As we hesitated, flourishing the rope, he laid it across our shoulders, at which the men standing by laughed and jeered at us. To remonstrate was useless, so to avoid a repetition of the unpleasant infliction, we sprang into the rigging and began to mount, taking care to hold tight as we went up until we got into the top, where we both stood looking down, not liking to go higher.

“Aloft with you, aloft, or I’ll send a couple of hands to start you,” shouted the boatswain from the deck.

We looked up at the tall mast swaying to and fro, and I fully expected, should I make the attempt, to fall down on deck, or to be plunged into the sea, for which I had no wish; but looking down for a moment, and seeing two men about to come up the rigging, I told Lancelot that I would run the chance.

“It is the only thing we can do,” he answered.

Catching hold of the topmast shrouds, we began to mount. We got up at length, and crawled out on the yard, holding on tightly by the ropes which seemed most secure. Finding that it was not so terrible as I had supposed, I crawled out to the very end of the yard, where I clung on, in spite of the fearful way in which it moved about.

Thankful I was, however, to hear the boatswain shout, “You may come down now, lads;” and I made my way into the top.

Lancelot had gone out at the other end of the yard, and when we met on deck he could not help shaking hands, as if we had arrived successfully from some desperate enterprise. The seamen laughed as they saw us, and even the boatswain’s grim features wrinkled into a smile.

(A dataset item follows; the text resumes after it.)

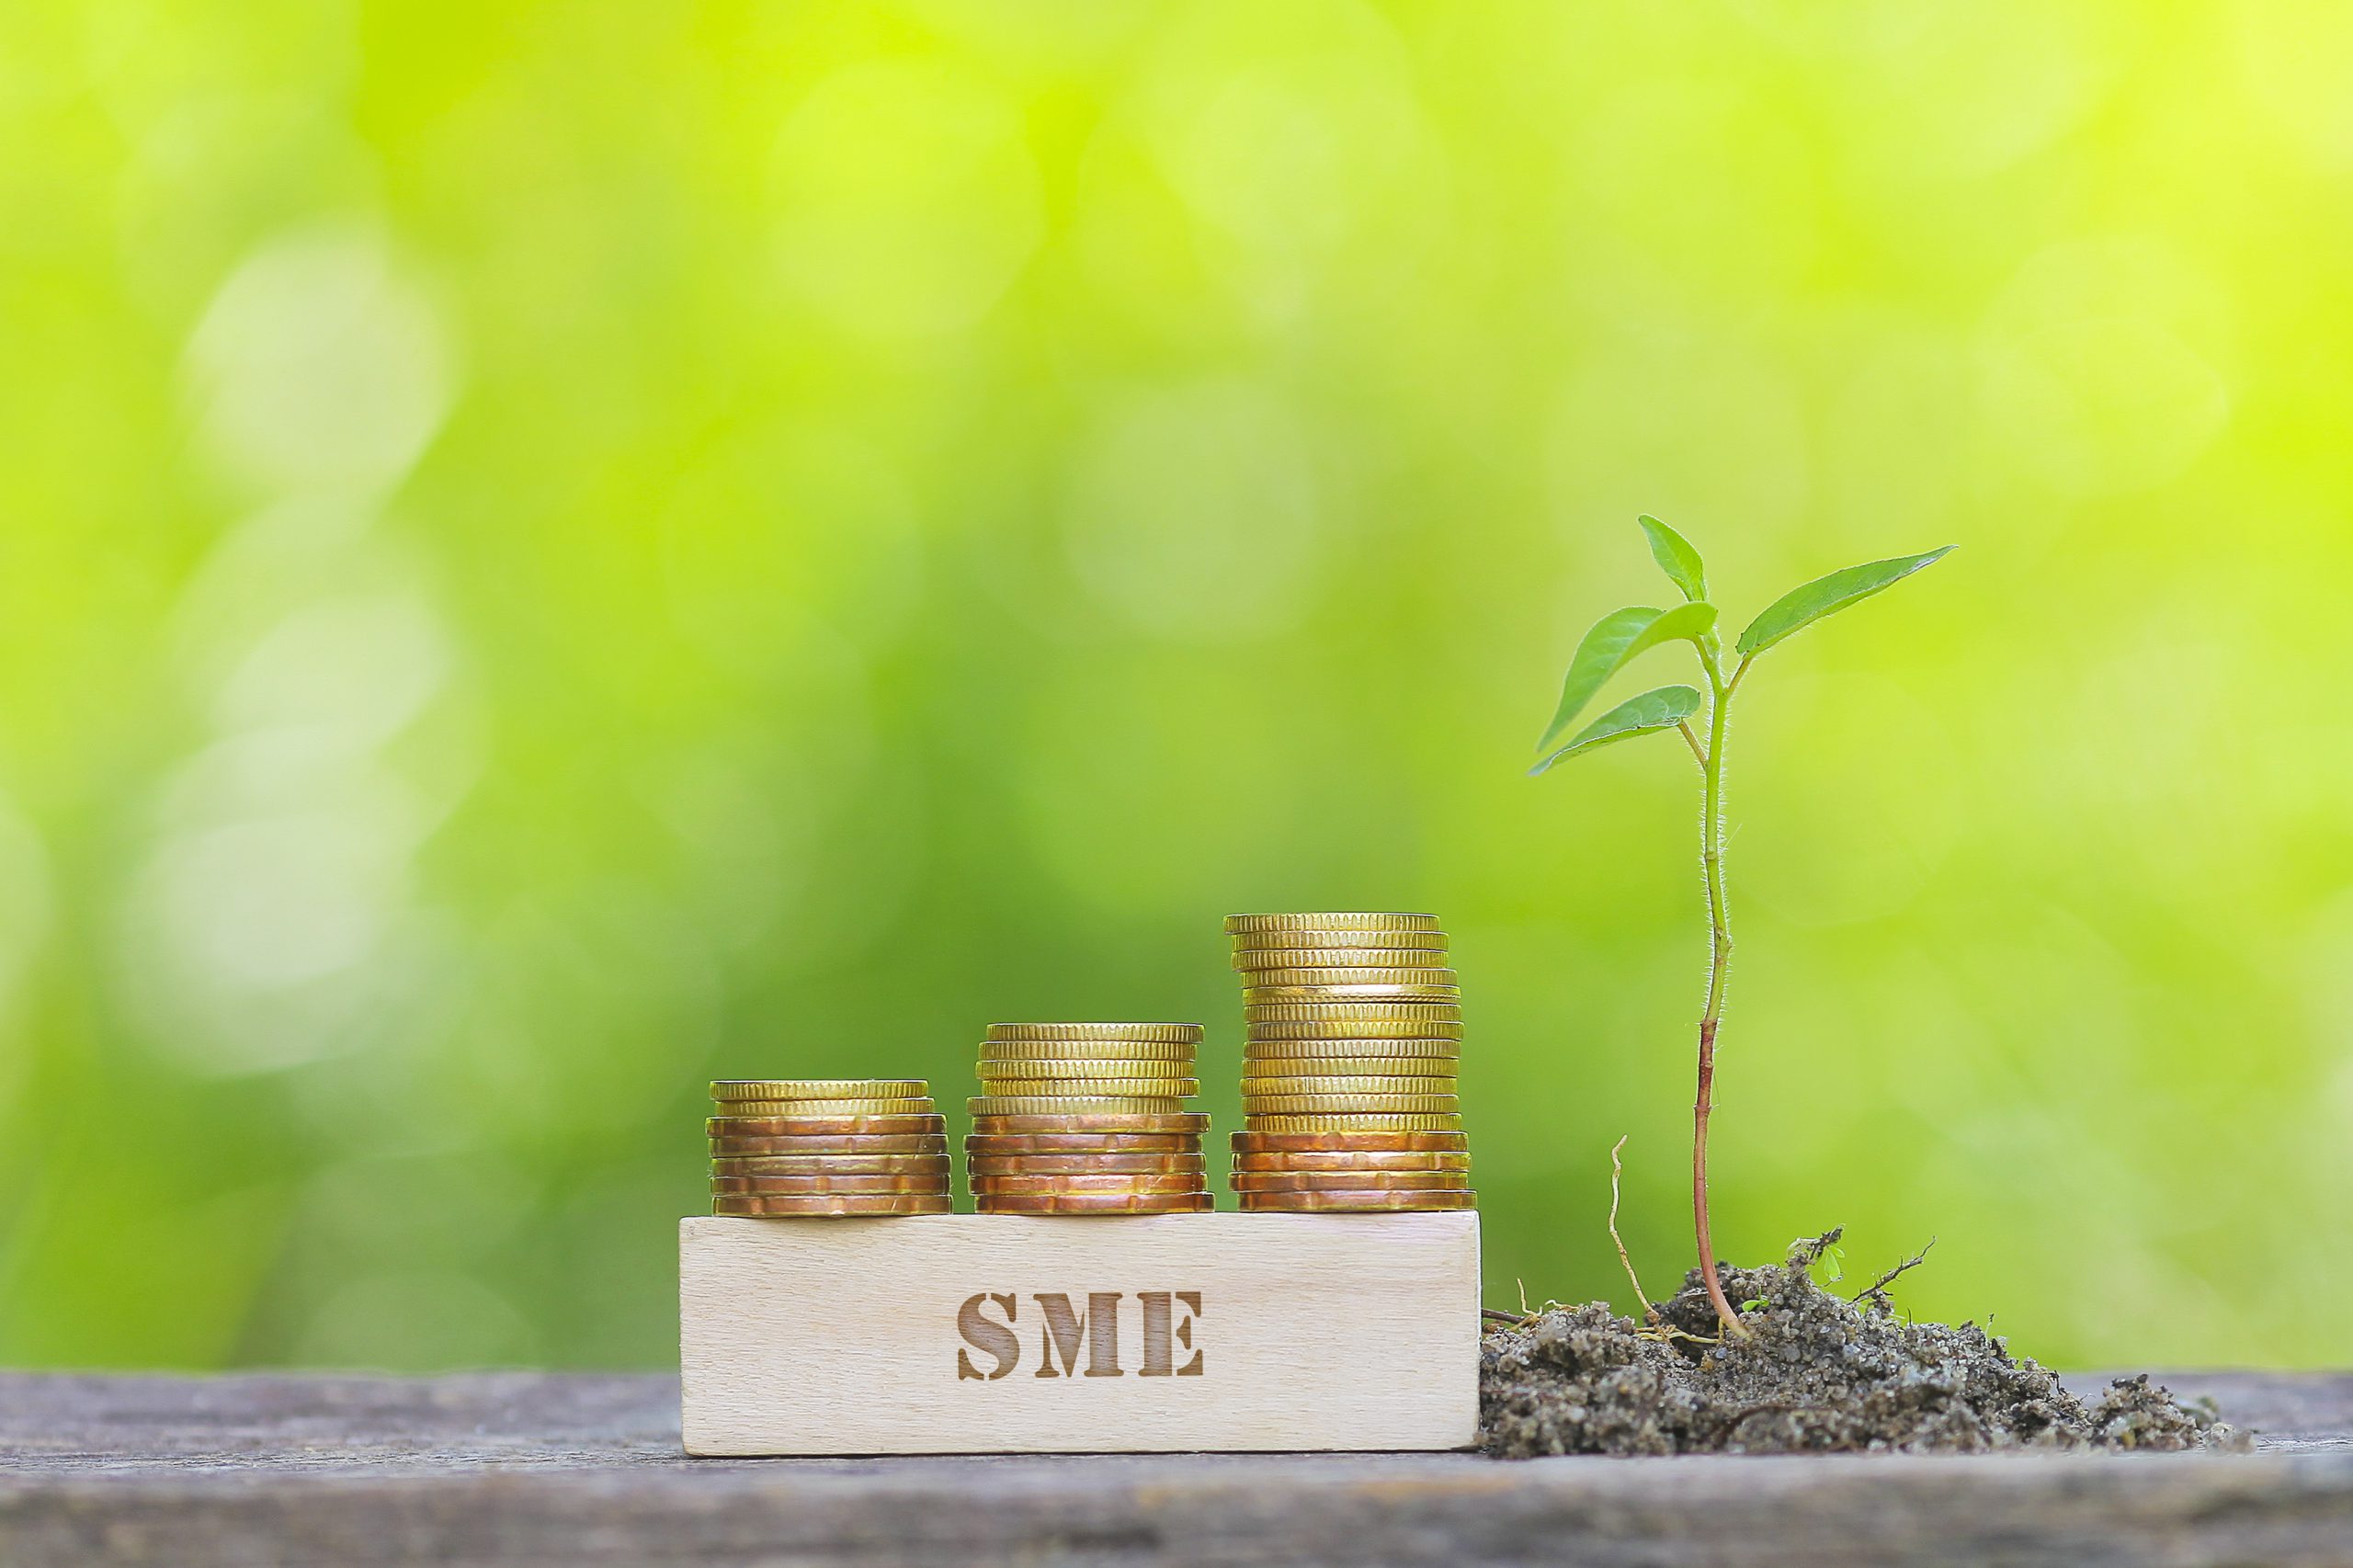 EU4Environment supports greening small and medium enterprises in

“You’ll do, lads,” he said. “You’ll make prime topmen in a few weeks, and thank me for having taught you.”

Such was the commencement of our sea life. Things, we agreed, might have been worse, though we got many a kick and rope’s ending, not only from the boatswain, but from others among the more brutal of the crew.

Martin, when on deck, always came to our rescue, but old as he was, he was but ill able to contend with so many opposed to him.